This is not a hole in the spec. The documents in question do _not_
conform to the spec. Hence, implementations may do whatever they
choose.
It's getting _really_ boring and tedious (not to mention hazardous to
the future extensibility of the web) specifying how HTML user agents
should treat all these error conditions.
> I feel strongly that this should
>not be the case, and that we should add some simple language to the spec
>specifying how browsers should handle these small characters.
Please suggest something. I think you'll find it difficult to craft
language that's useful but not overly restrictive.
>> I don't have the SGML spec handy
>I don't have it handy either, and while I will have to soon, I don't
>really want to have to refer to it for something simple like this. Why
>should I have to?
Life is hard. HTML is an application of SGML. Get used to it.

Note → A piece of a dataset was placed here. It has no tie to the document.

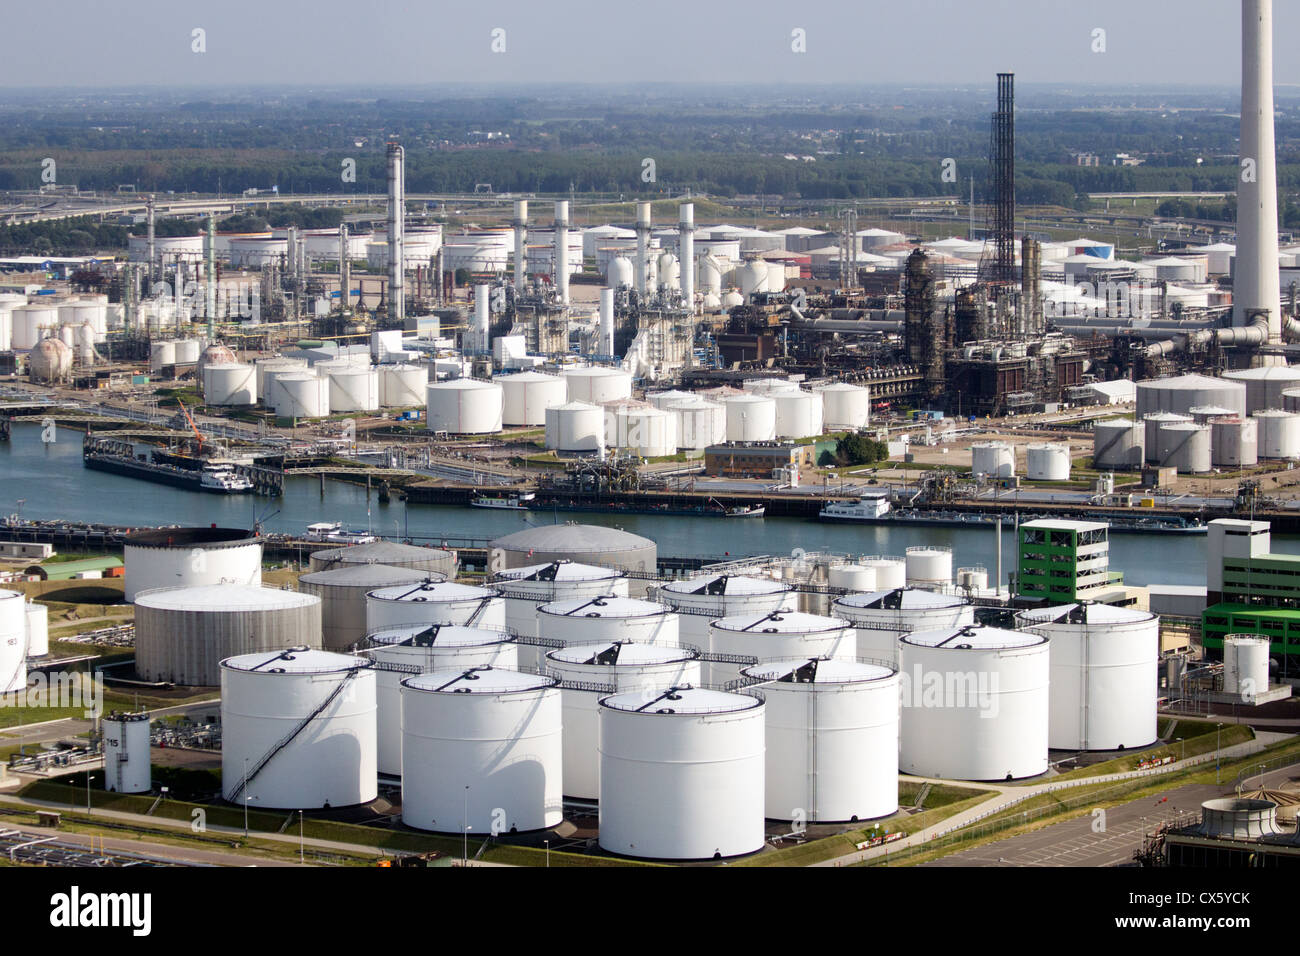 Aerial view of the port of Rotterdam with oil refinery storage tanks Stock Photo
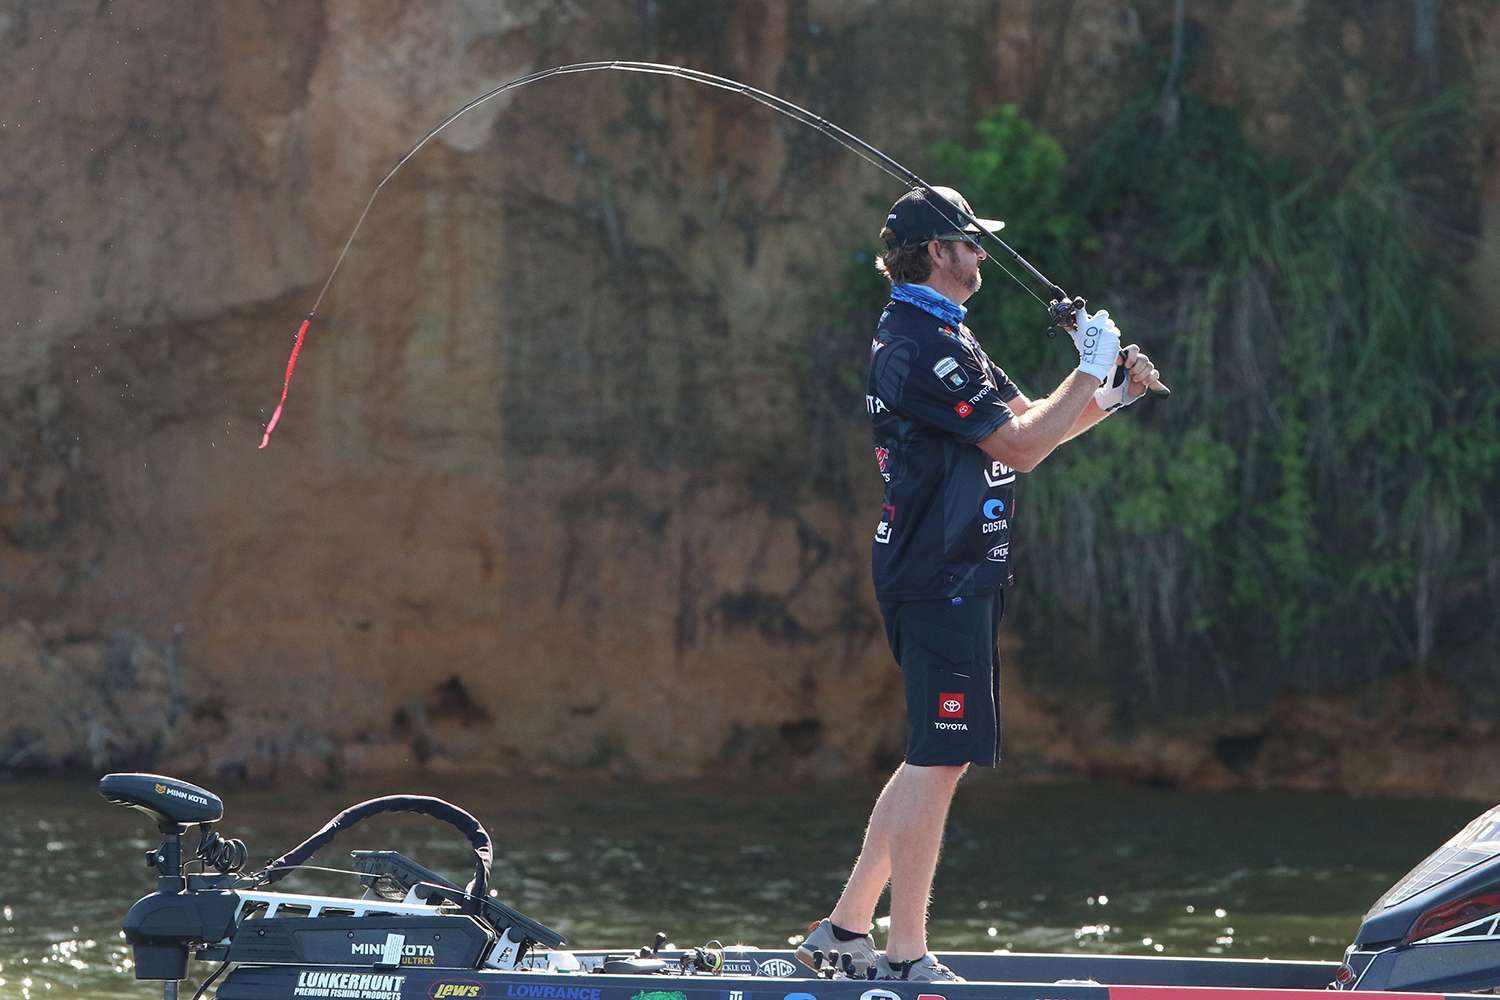 Watch Matt Arey and Kyle Welcher control BASSTrakk for a better part of the day during the second round of the 2020 DEWALT Bassmaster Elite at Lake Eufaula.

>The way character sets and code pages have evolved has made the current
>usage of characters and fonts extremely confusing. This leads to lots of
>errors in implementation, and confuses the heck out of users and browser
>developers alike.
>
>Let's get rid of this confusion now, so that the path towards
>internationalization is easier.
I agree there is confusion in most discussions regarding the term
"character set." That's why I wrote "'Character Set' Considered Harmful".
I hope that it will clarify the terminology, at least as it's used
in the HTML and MIME specs.
>And yes, I am going to write up some proposed language to deal with this,
>and see how people react.
I suggest you do.
Dan